A cooling water inlet is formed at an appropriate position, and a pair of pipes 5 are protruded therefrom. Since one of the pipes 5 is configured to communicate with the cooling water communication hole 1 at only one end of the core 3 in the stacking direction via the communication pipe 4 in the tank, the other components are not changed. The projecting position of the pipe 5 can be arbitrarily selected, and the oil cooler has high versatility and excellent mass productivity. That is, since the position of the coolant passage opening formed in the communication pipe 4 in the tank can be arbitrarily selected, the projecting position of the pipe 5 can be freely designed according to the shape of the engine block of various vehicles and the like. (See FIG. 5). The oil 12 of the oil cooler for a vehicle according to the present invention passes through the annular oil passage 9 formed between the center opening peripheral wall of the annular tank 6 and the center pipe 7 as shown in FIG. It is cooled by the cooling water 13 in the peripheral wall of the annular tank 6 having a large area, and an efficient oil cooler is obtained.

[Brief description of the drawings]

FIG. 1 is a longitudinal sectional view showing a use state of the present oil cooler.

FIG. 2 is a plan view of a main part of the oil cooler.

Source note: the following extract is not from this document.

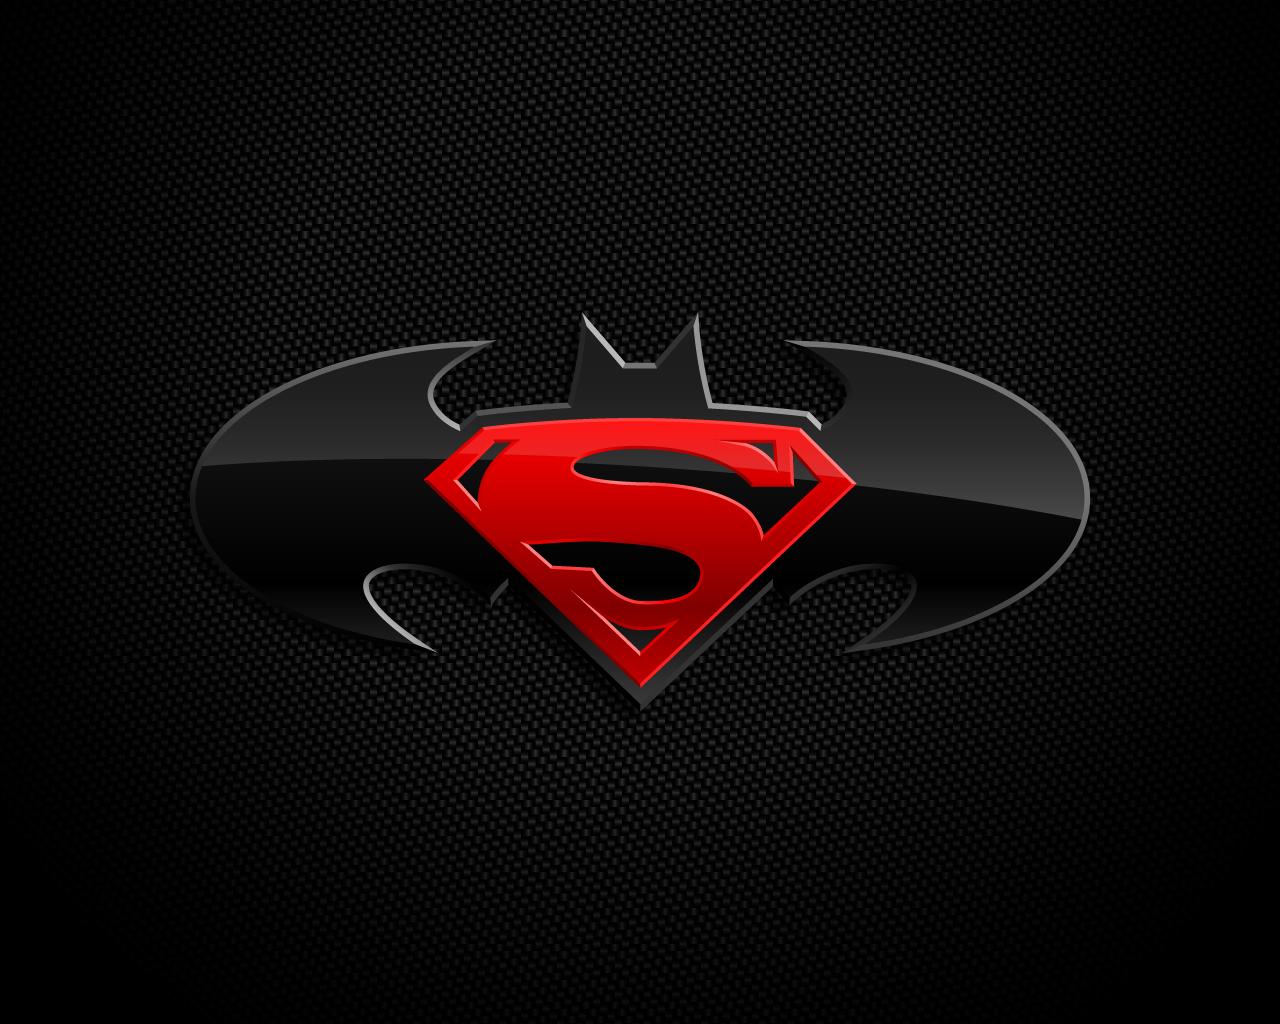 Superman Batman 1280x1024
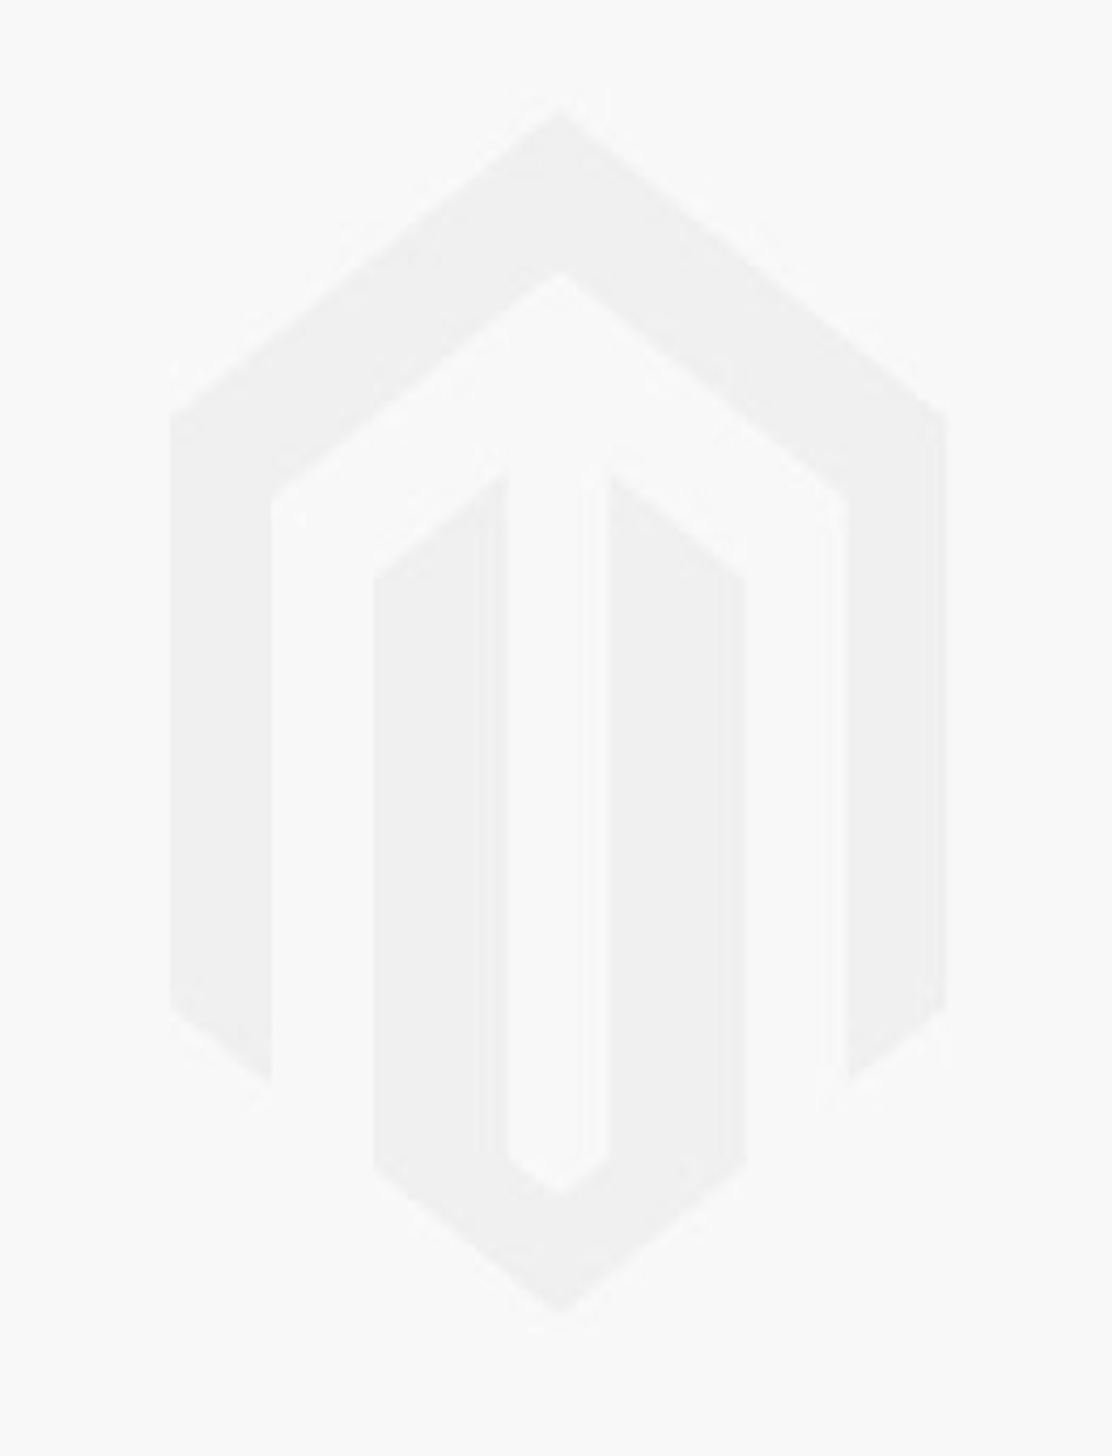 8mm Low Profile Silhouette Diamond Stud Earring Image #1

FIG. 3 is a sectional view taken along the line AA of FIG. 2;

FIG. 4 shows a part of a cross section taken along line BB of FIG. 2;

FIG. 5 is a sectional view taken along the line VV of FIG. 3;

FIG. 6 is a sectional view taken along the line VI-VI in FIG. 3;

FIG. 7 is a sectional view taken along the line VII-VII in FIG. 3;

FIG. 8 is an exploded perspective view of an element 2 used in the present oil cooler.

[Explanation of symbols]

 DESCRIPTION OF SYMBOLS 1 Cooling water communication hole 1a Metal plate 1b Center hole 1c Inner flange 1d Outer flange 1e Hole edge 1f Partition 2 Element 3 Core 4 Tank communication pipe 5 Pipe 6 Ring tank 7 Center pipe 8 Casing 9 Oil passage 10 Fin 10a, 10b Hole 12 Oil 12a Oil inlet 12b Oil outlet 13 Cooling water 13a Filter body 14 Hollow bolt 15 Engine block 16 Cylindrical cavity 17 Base plate 18 O-ring 19 Oil filter

Claims (1)

(57) [Scope of request for utility model registration] An element (2) forming a flat annular flow path formed by a pair of cooling water communication holes (1) and (1) adjacent to each other via a partition (1f) is connected to each of the cooling waters. The core (3) connected and laminated by the water communication hole (1) and the metal plate are formed in a relatively deep annular groove shape, and a pair of cooling water conducting holes are formed at appropriate positions on the outer periphery thereof so as to be separated from each other. As well as
An annular tank (6) in which a pair of pipes (5) and (5) is protrudingly fixed to the conduction port and on which the core (3) is placed;
A communication pipe (4) in the tank, which communicates only one of the pair of communication holes (1) opened at one end in the stacking direction of the core (3) with one of the pipes (5), and a center pipe (7). A casing (8) having a pot shape protruding from the inner surface and having an opening edge joined to a peripheral edge of the tank (6);
An oil passage (9) formed annularly between the peripheral wall at the center opening of the annular tank (6) and the center pipe (7); and an oil flow through the center pipe (7) and one end of the oil flow of the engine block. While being screwed into the opening of the entrance to fasten and fix the center pipe and the casing,
A hollow bolt (14) screwed into a center hole of an oil filter body having an oil filter built therein at the other end, and oil flowing into the casing (8) from the oil passage (9) is provided. A vehicular oil cooler configured to flow radially outward through the outer surface of each element from a cylindrical gap (16) formed between the center pipe (7) and the core (3).